Work required –
All the data below goes into the copy word for word, but the pictures don't.

The data –
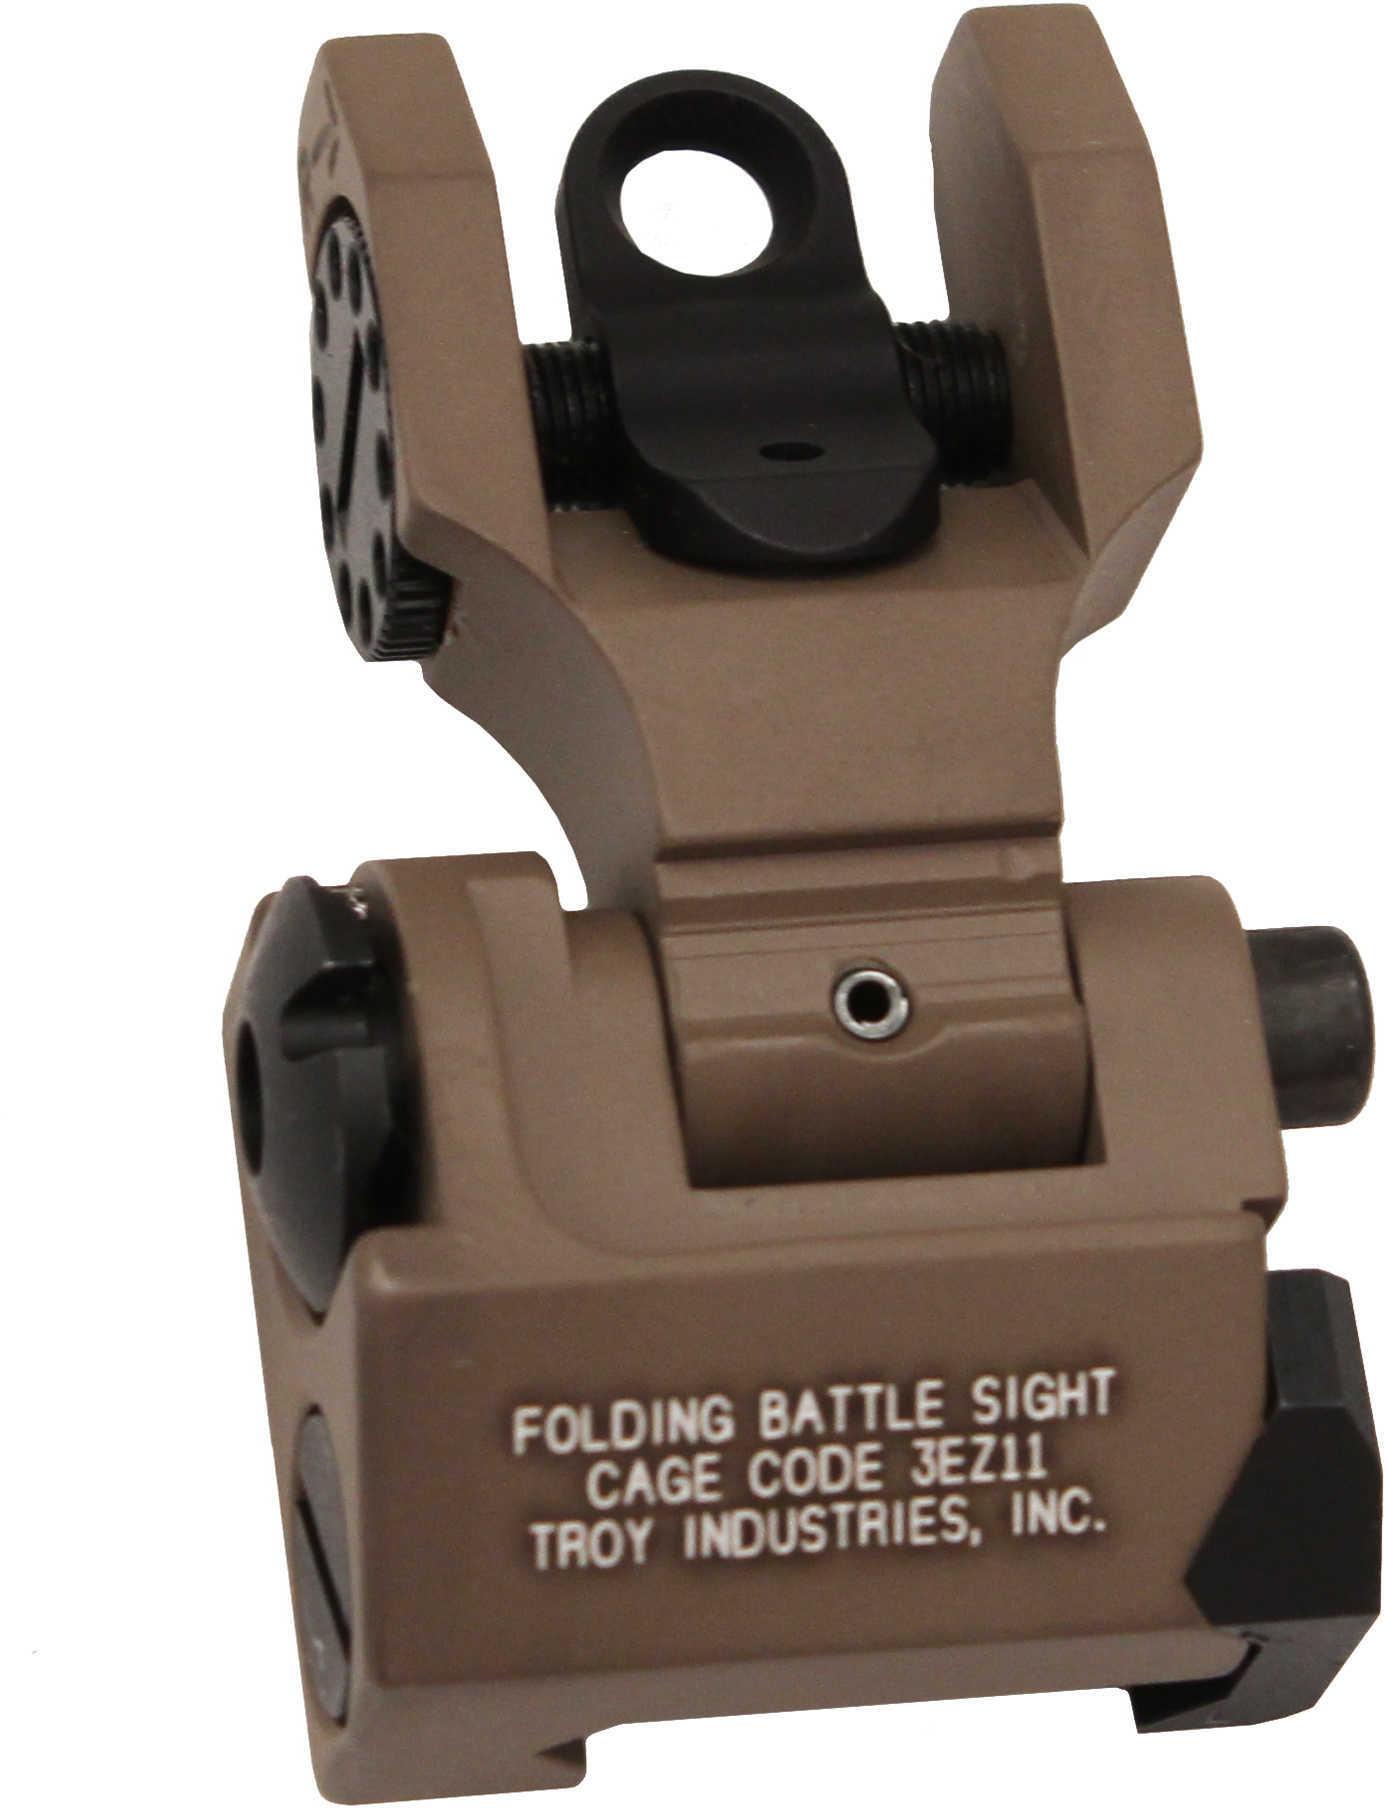 Troy Ind SSIGFBSROFT Battle Sight Rear Folding AR-15/M4/M16 FDE
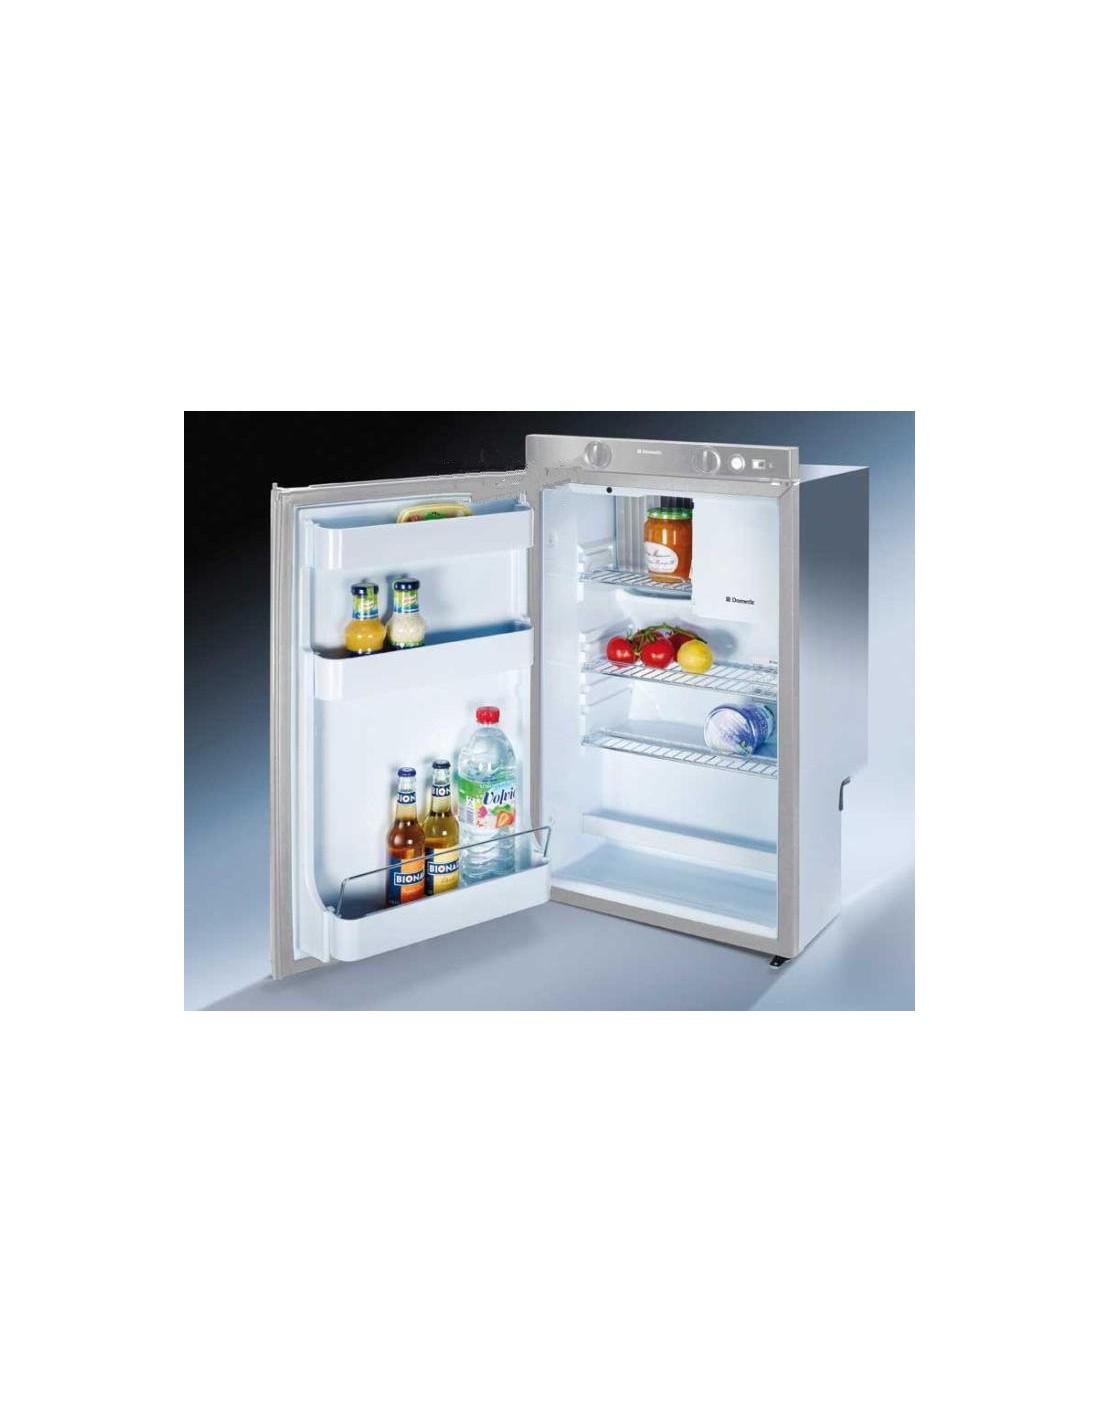 Dometic RM 5330 Absorber-kühlschrank 70l - Jundi Camping
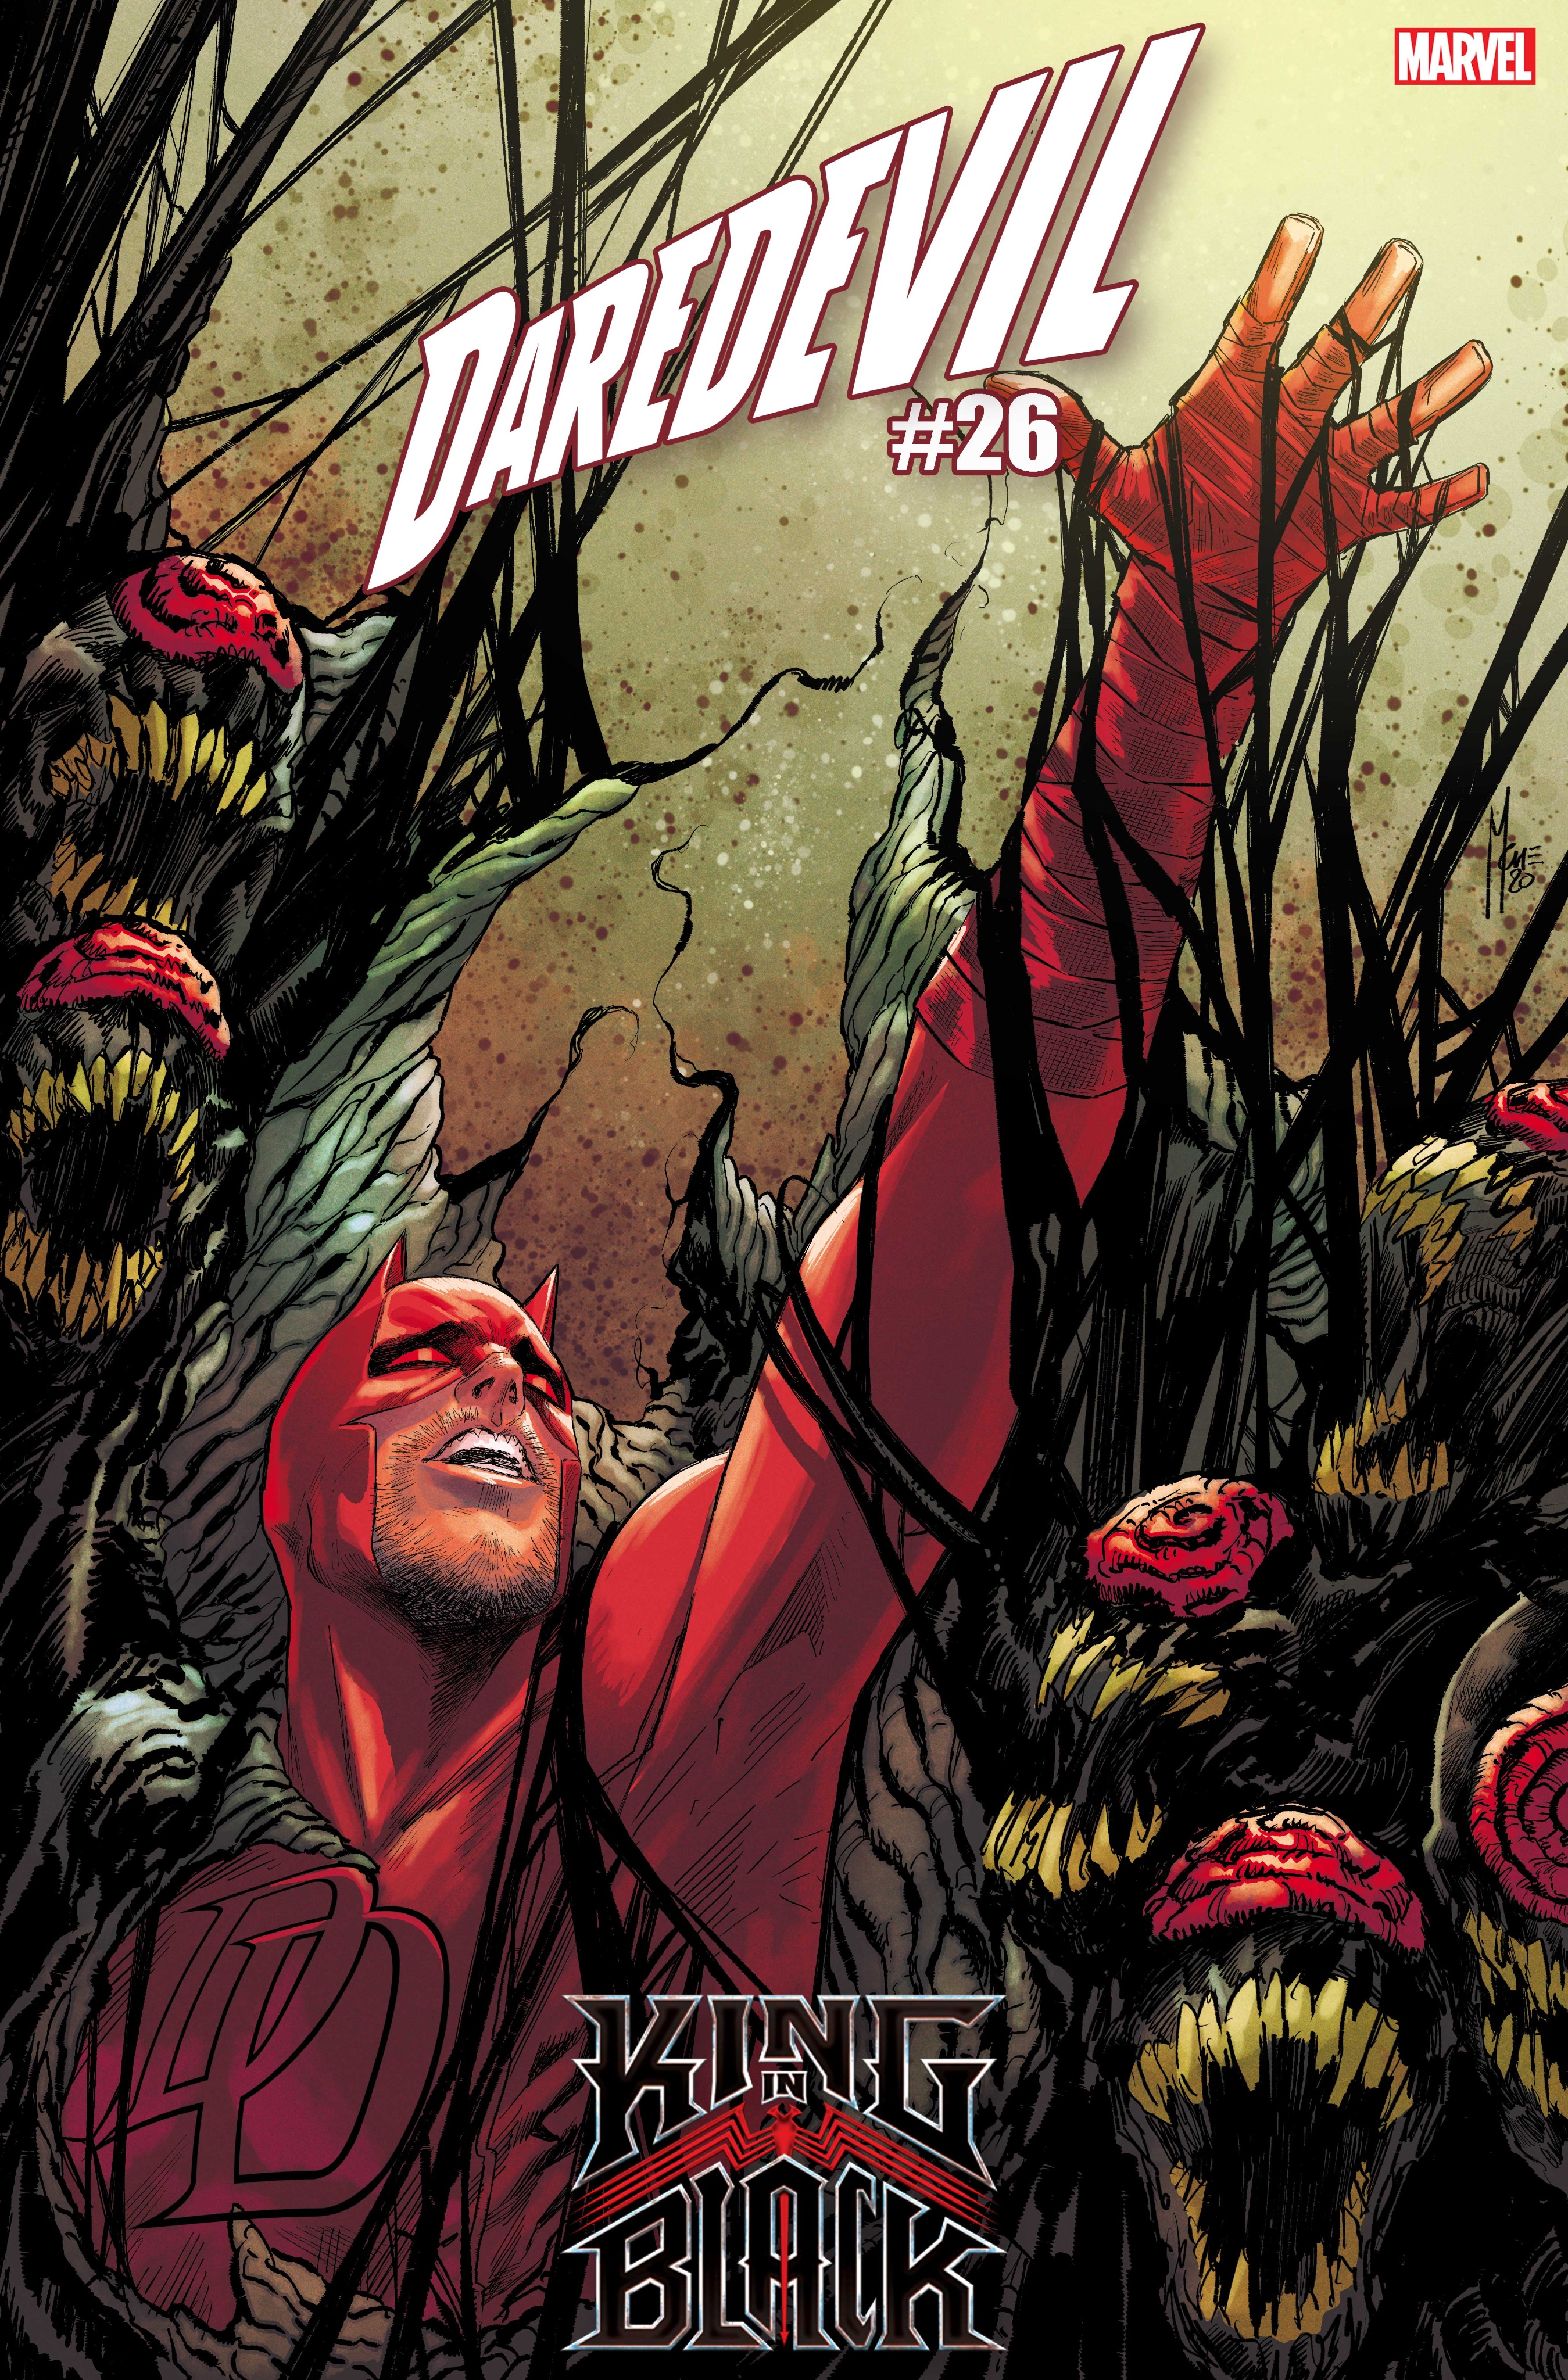 Daredevil #26 - okładka

Expected answer –
 Troy Ind SSIGFBSROFT Battle Sight Rear Folding AR-15/M4/M16 FDE
 Dometic RM 5330 Absorber-kühlschrank 70l - Jundi Camping
 Daredevil #26 - okładka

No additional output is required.